Close to two million refugees flooded to Hong Kong during Mao's dictatorship to escape from political persecutions, from the famine of the Great Leap Forward (1955-61) and from the terror of the Cultural Revolution (1966-76). Hong Kong's economic miracle of the era was largely fueled by the low-paid work of these refugees that enabled an export manufacturing boom.


The Minorities Rise up

Copyright © 2024 Piero Scaruffi

In 1910 there were only 7600 Blacks in Los Angeles. By 1920 they had more than doubled (16000), the majority coming straight from the rural south. Los Angeles’ Black population grew rapidly during the Great Depression of the 1930s. By the end of the decade, when the Black population had passed 65,000 (4% of the population), two Los Angeles neighborhoods were home to most of the Black families: South Central and Watts. During World War II, there were plenty of jobs in the aerospace and military industries of Los Angeles and in the shipyards of San Francisco. Los Angeles’ Black community doubled to almost 200,000 in 1950 and 350,000 in 1960, out of 600,000 (or 6%) in the whole of California. By the end of the 1960s, the Black share of Los Angeles' population would be almost 20%. The wealth gap between Whites and Blacks was colossal. At the same time, about 60% of Watts was under 25 years old and young people were often unemployed or underemployed. Blacks were de facto banned from the larger San Fernando Valley region, a White conservative suburban area, and rich neighborhoods like Beverly Hills were de facto off-limits.

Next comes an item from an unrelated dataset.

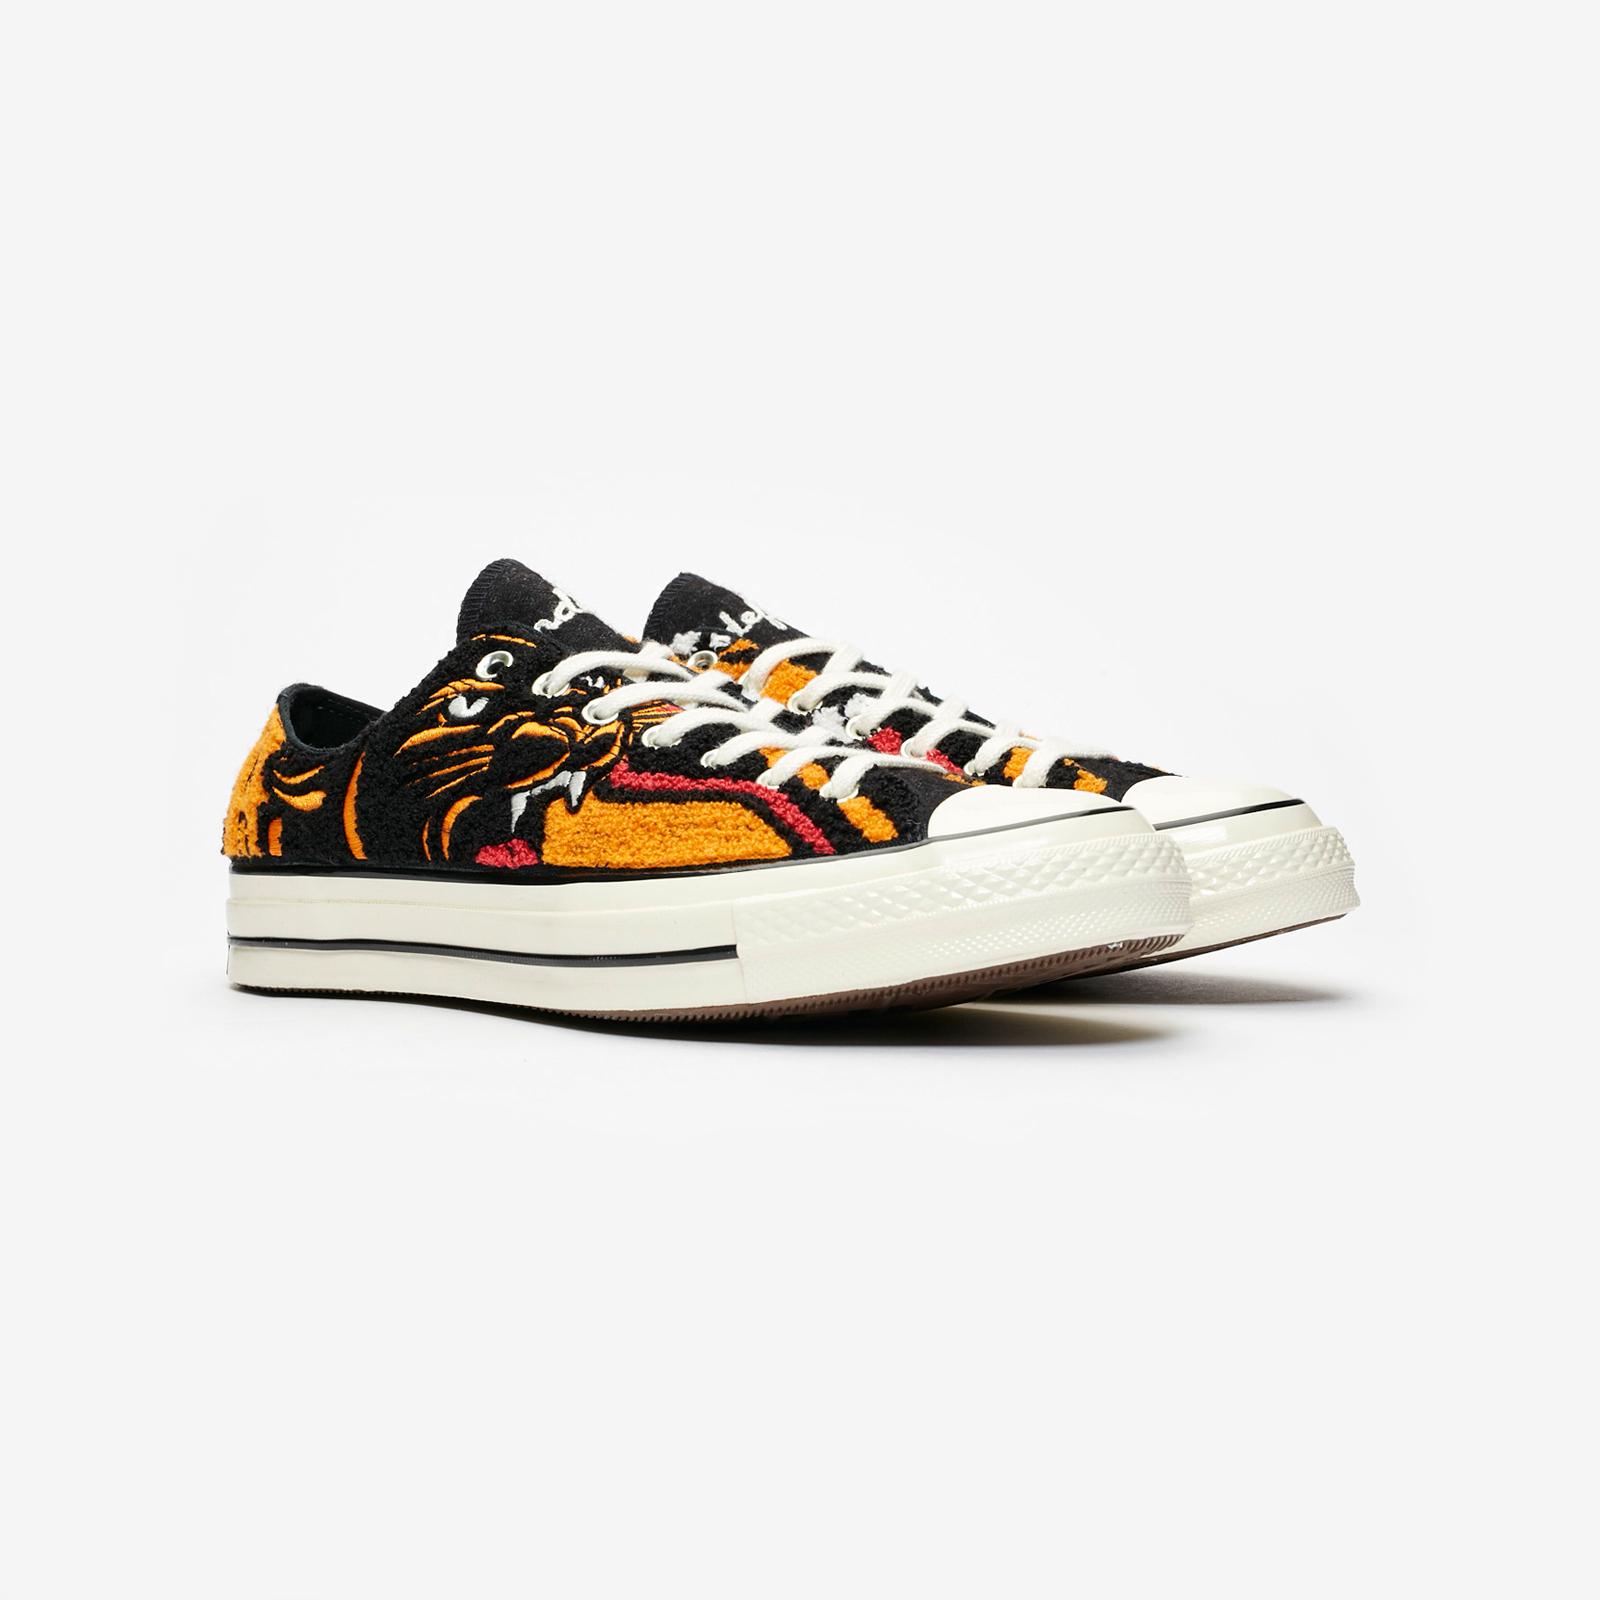 Converse Chuck Ox 70 x UNDFTD - 162981c - Sneakersnstuff  06efaf29e
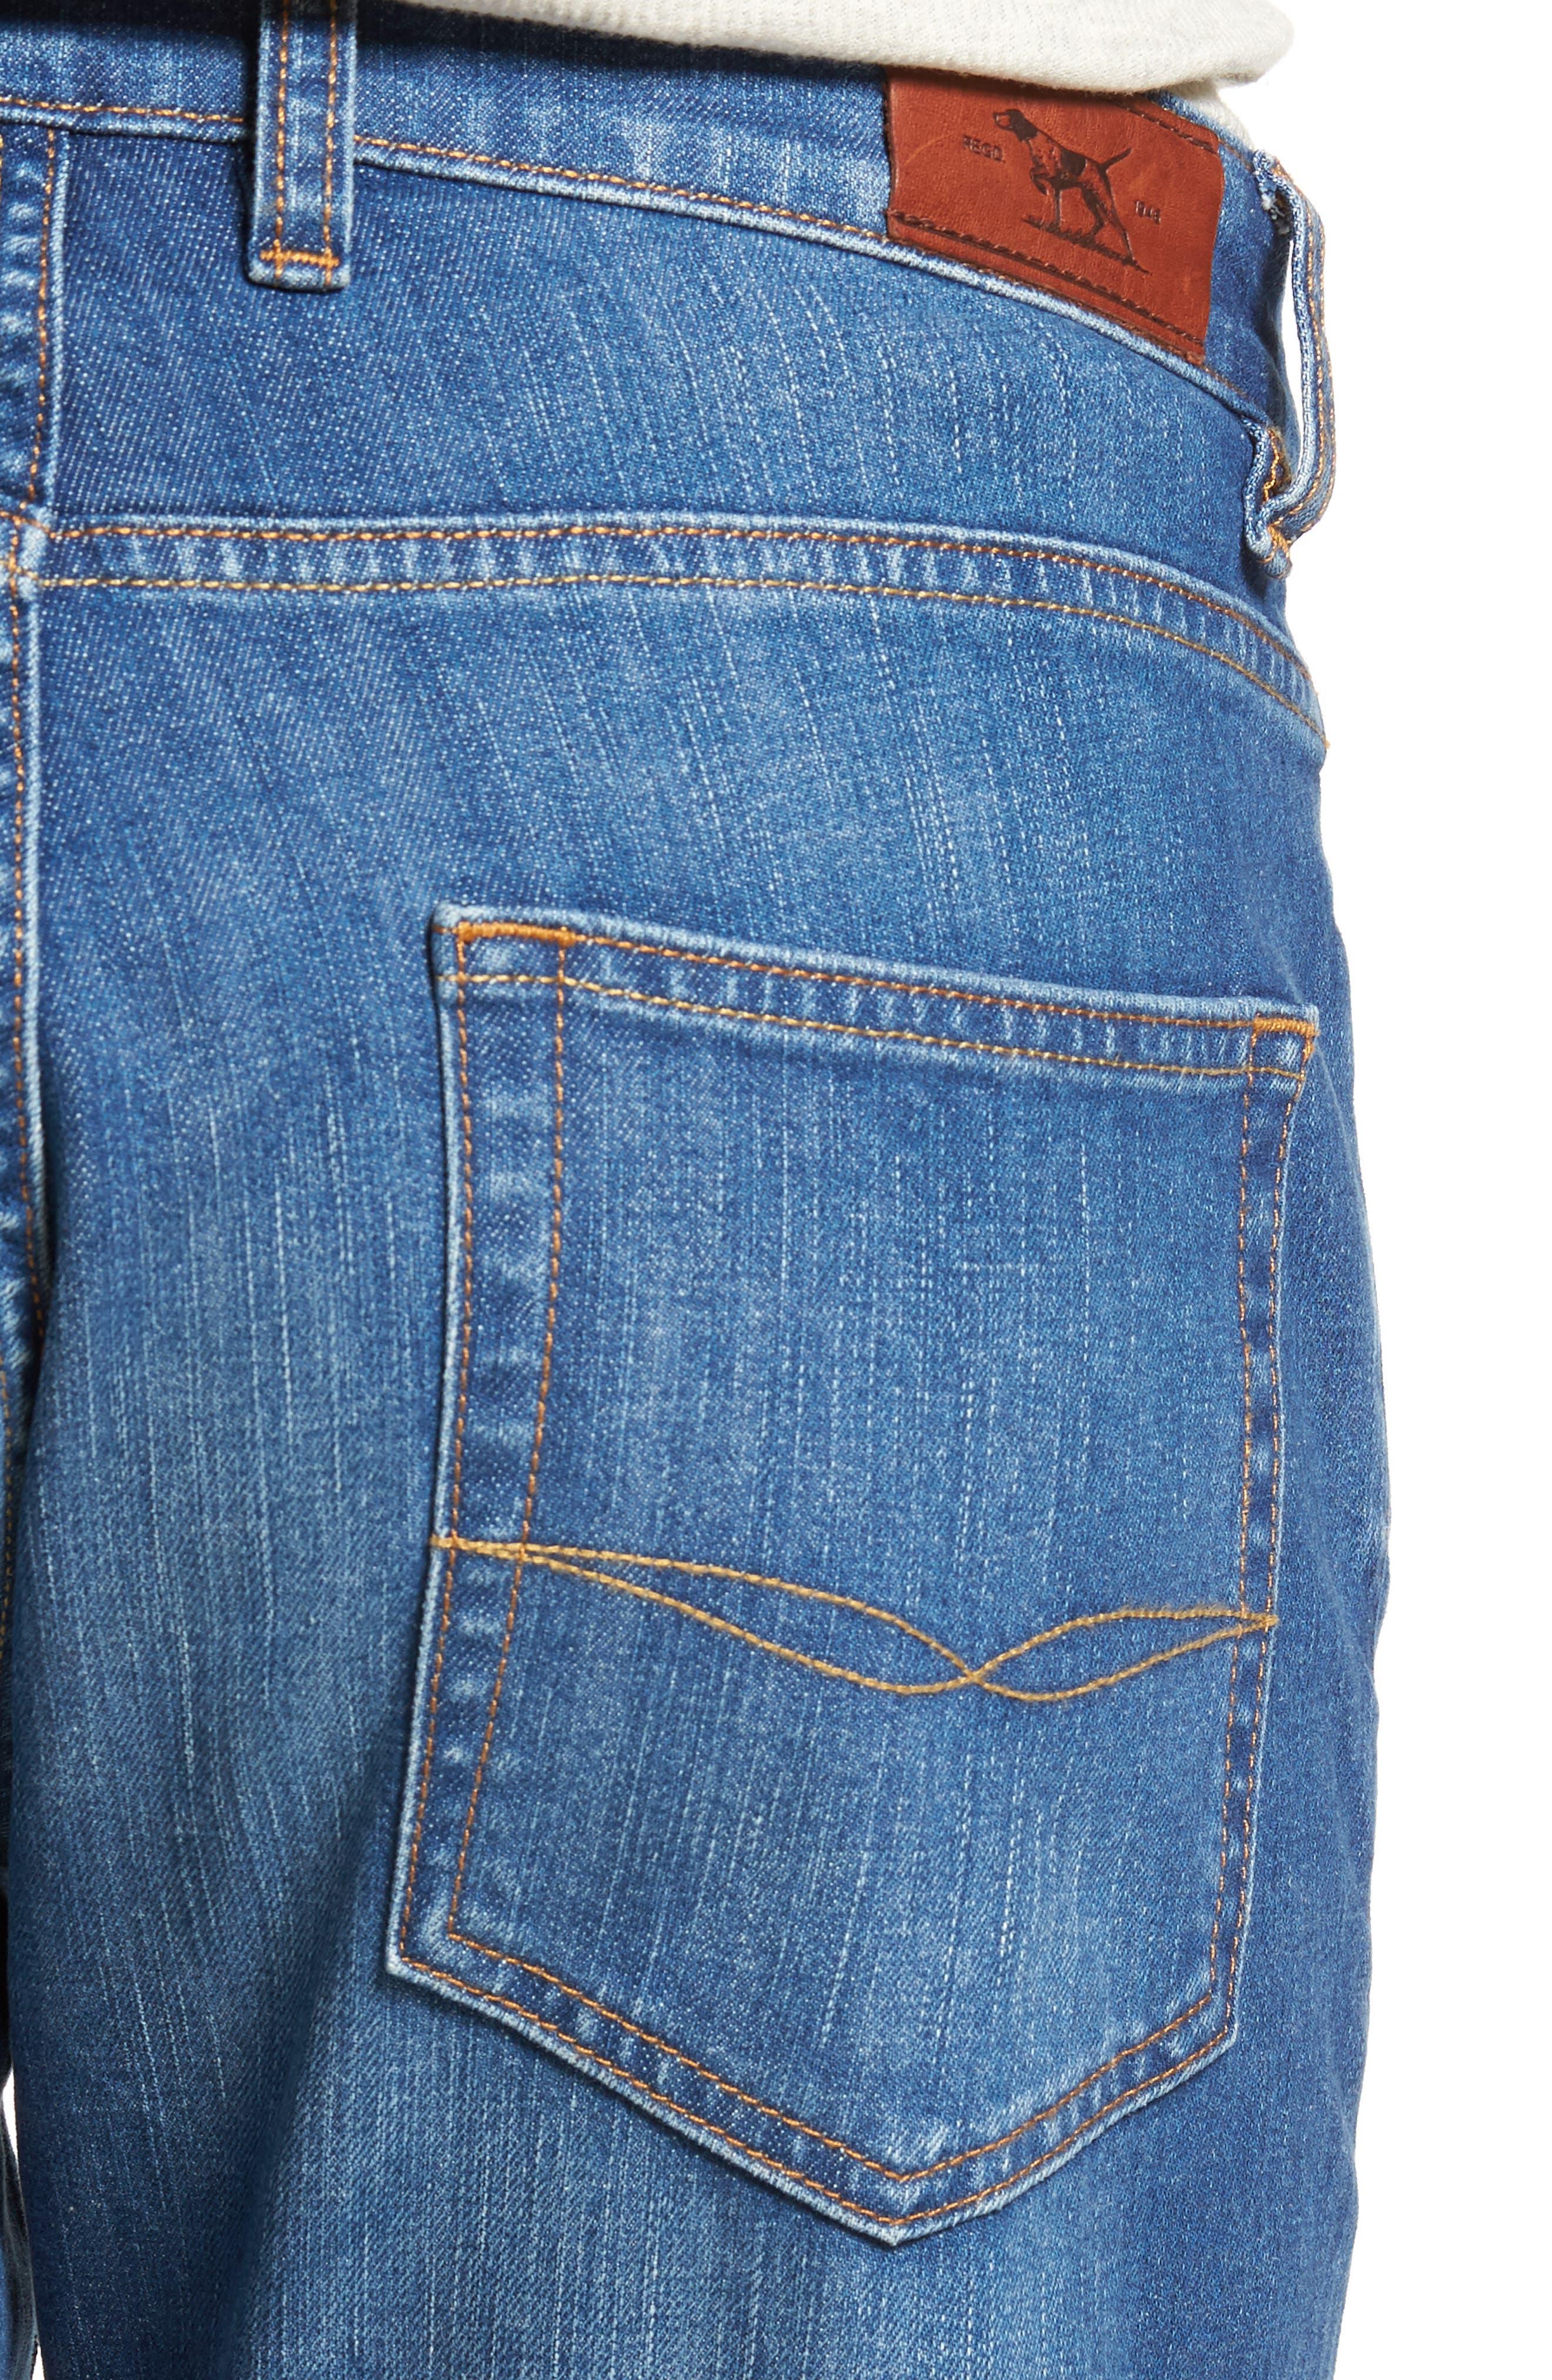 Cranfield Straight Leg Jeans,                             Alternate thumbnail 4, color,                             420

The entire nation was waking up to the injustice suffered by the descendants of the African slaves. To remedy this, the US government passed the Civil Rights Act in 1964 and the Voting Rights Act in 1965, but material improvements failed to match legislative commitments, and California passed the Fair Housing Act in 1963.

The civil-rights movement changed the national image of Los Angeles from a beacon of tranquil prosperity to a hotbed of racial discrimination and segregation, with a reputation for police brutality. Tensions accumulated until in August 1965 Watts was shaken by six days of civil unrest, resulting in 34 deaths and more than 4,000 arrests.

The Hispanics or "Latinos" of Los Angeles were less visible, but of course a lot less discriminated against. They were about 1.5 million in 1960, when the Mexican American Political Association (MAPA) was established. They had their own fight for basic rights, but in their case the fight was rather about fair housing and fair salaries. In 1962 Cesar Chavez founded the National Farm Workers Association to protect the rights of agricultural laborers.

Similar issues were the main concerns of the Filipino minority. In September 1965, hundreds of Filipino laborers went on strike in the vineyards around the town of Delano in Central California.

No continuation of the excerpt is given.